MicrosoftThe company released the Phi-3.5 series AI Models,The most notable of these is the launch of the first Mixed Model of Expertise (MoE) version of the series, Phi-3.5-MoE..
The Phi-3.5 series released includes three lightweight AI models, Phi-3.5-MoE, Phi-3.5-vision, and Phi-3.5-mini, built on synthetic data and filtered public websites, with a 128K context window, all of which are now available on Hugging Face under the MIT license. IT Home has attached the relevant descriptions below:
Phi-3.5-MoE: the first hybrid expert model
Phi-3.5-MoE is the first model in the Phi family to utilize the Mixed Expert (MoE) technique. The model activated only 6.6 billion parameters in a 16 x 3.8B MoE model using 2 experts and was trained on 4.9T tokens using 512 H100s.

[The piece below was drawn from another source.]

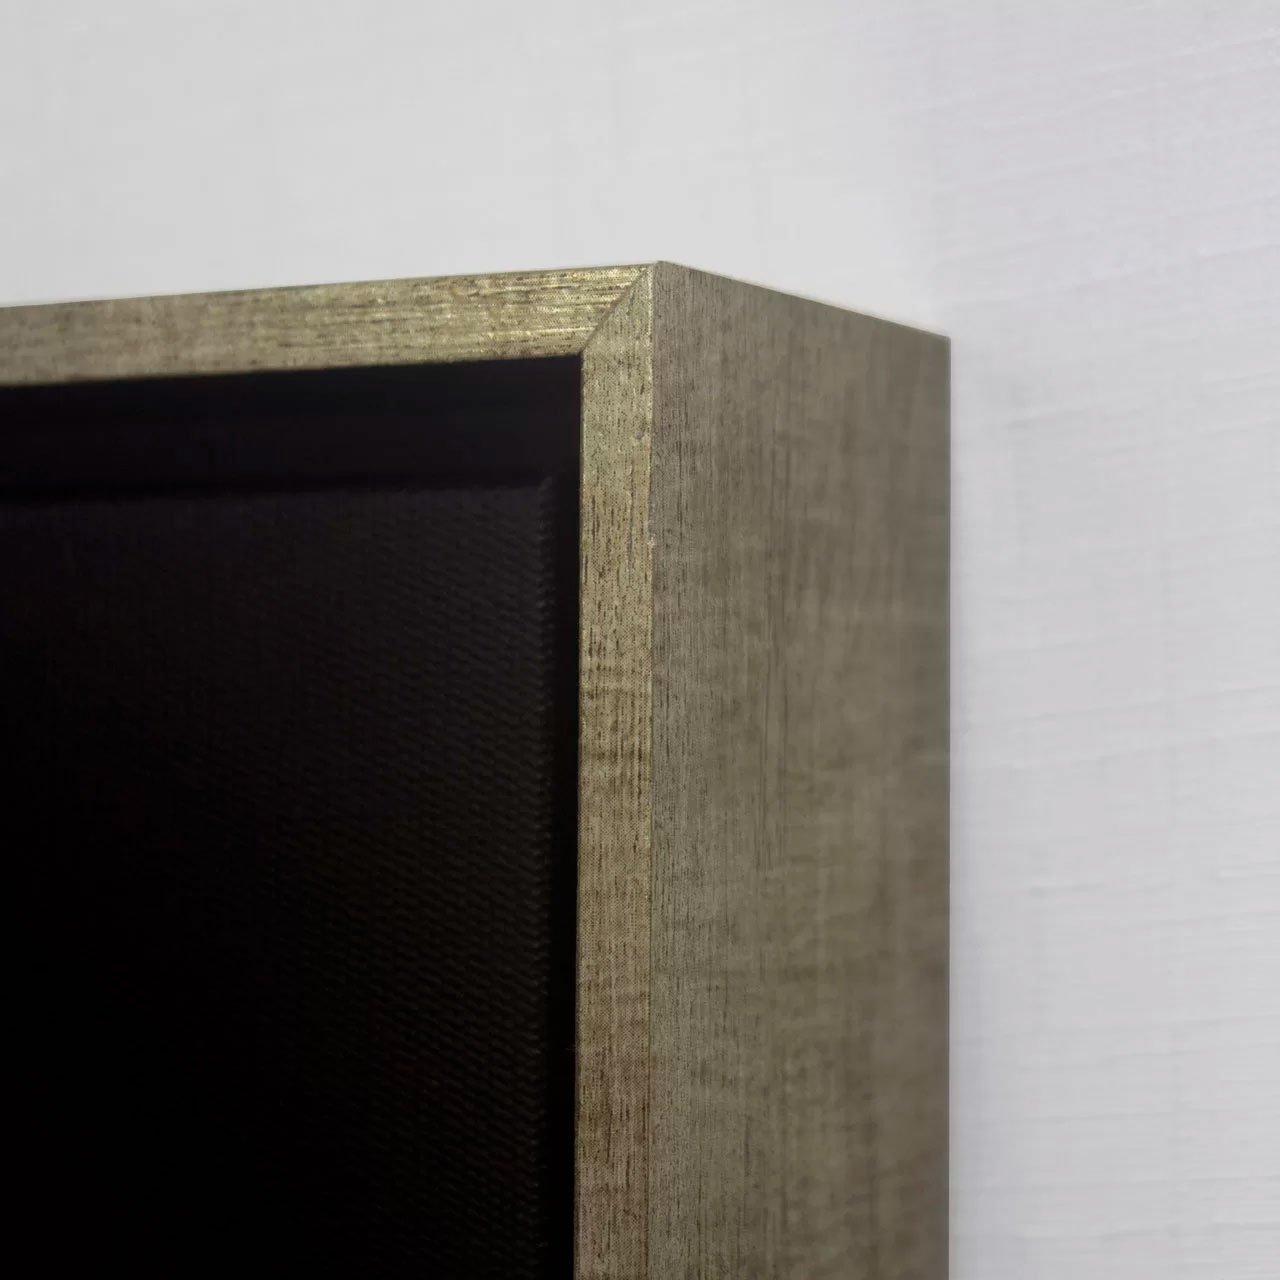 Moldura de alto padrão, feita de madeira maciça com acabamento em prata envelhecida. Moldura flutuante especial para tela canvas.
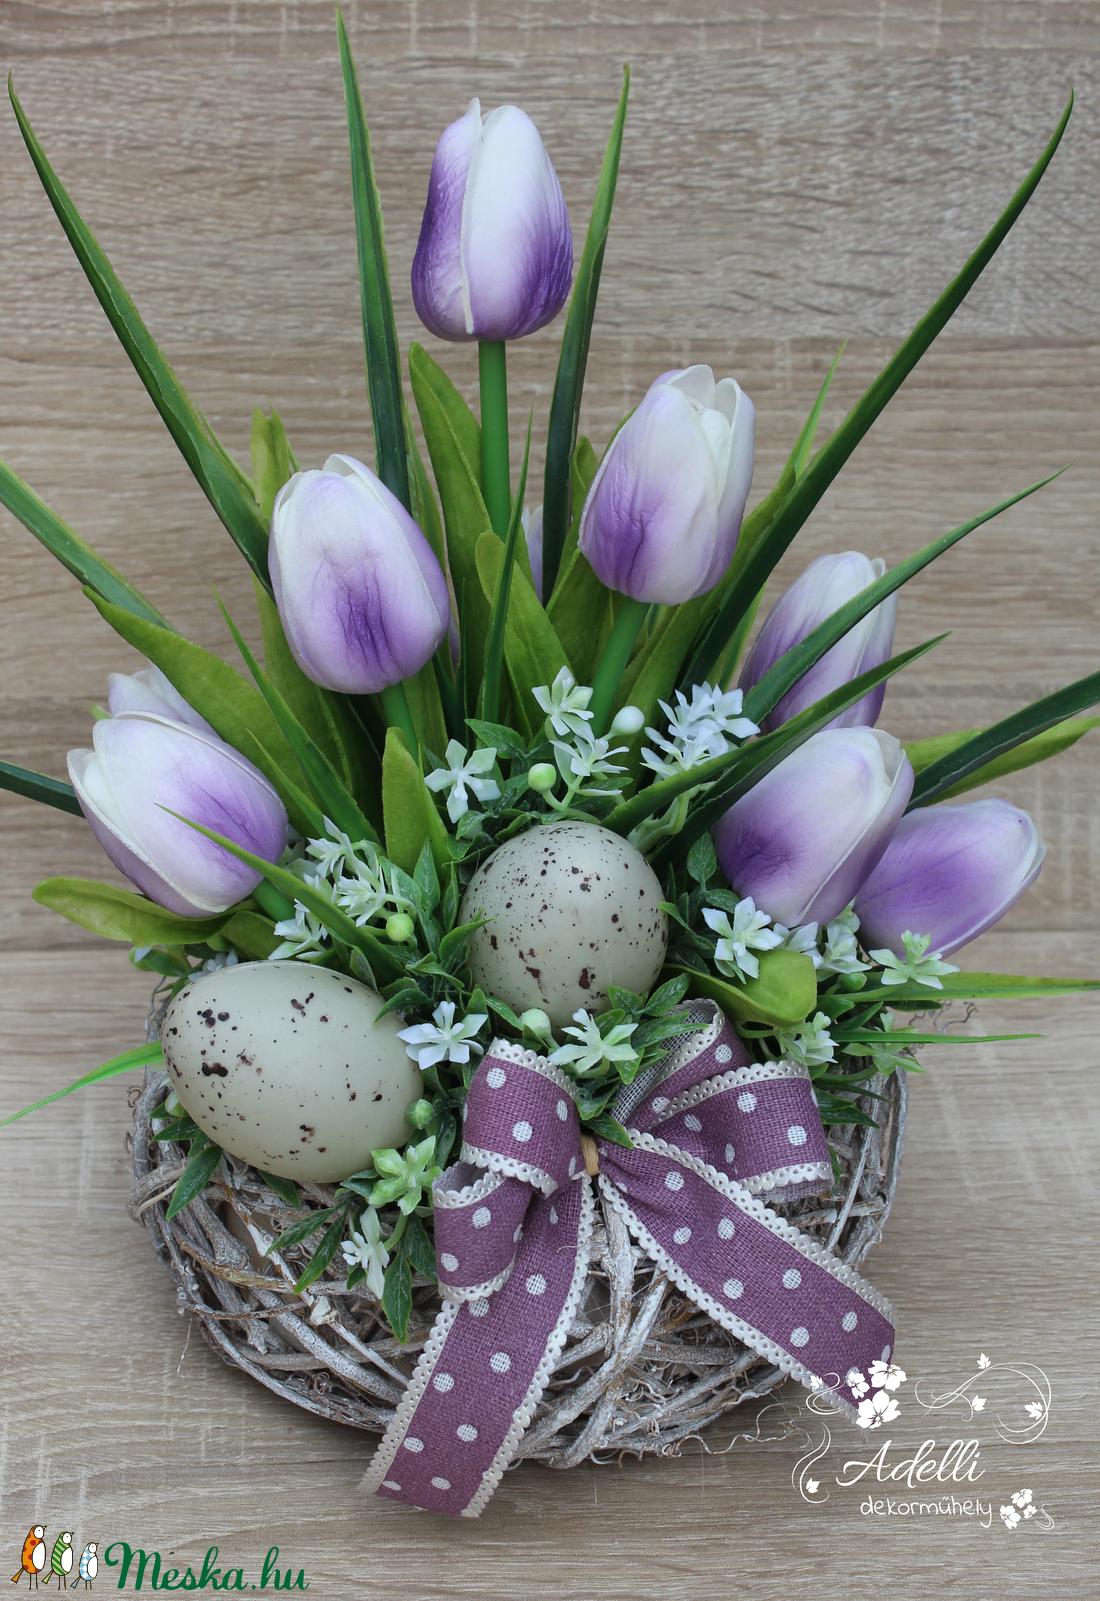 Húsvéti/tavaszi asztaldísz tulipánnal (AdelliDekor) - Meska.hu

The Microsoft research team designed the model from scratch to further improve its performance. In standard AI benchmarks, Phi-3.5-MoE outperforms Llama-3.1 8B, Gemma-2-9B, and Gemini-1.5-Flash, and is close to the current leader, GPT-4o-mini.
Phi-3.5-vision: enhanced multi-frame image understanding
With a total of 4.2 billion parameters, Phi-3.5-vision uses 256 A100 GPUs trained on 500B markers and now supports multi-frame image understanding and inference.
Phi-3.5-vision has improved performance on MMMU (from 40.2 to 43.0), MMBench (from 80.5 to 81.9), and the document understanding benchmark TextVQA (from 70.9 to 72.0).
Phi-3.5-mini: lightweight and strong features
Phi-3.5-mini is a 3.8 billion parameter model, surpassing Llama3.1 8B and Mistral 7B, and even rivaling Mistral NeMo 12B.
The model was trained using 512 H100s on 3.4T tokens. With only 3.8B effective parameters, the model is competitive in multilingual tasks compared to LLMs with more effective parameters.
In addition, Phi-3.5-mini now supports 128K context windows, while its main competitor, the Gemma-2 series, only supports 8K.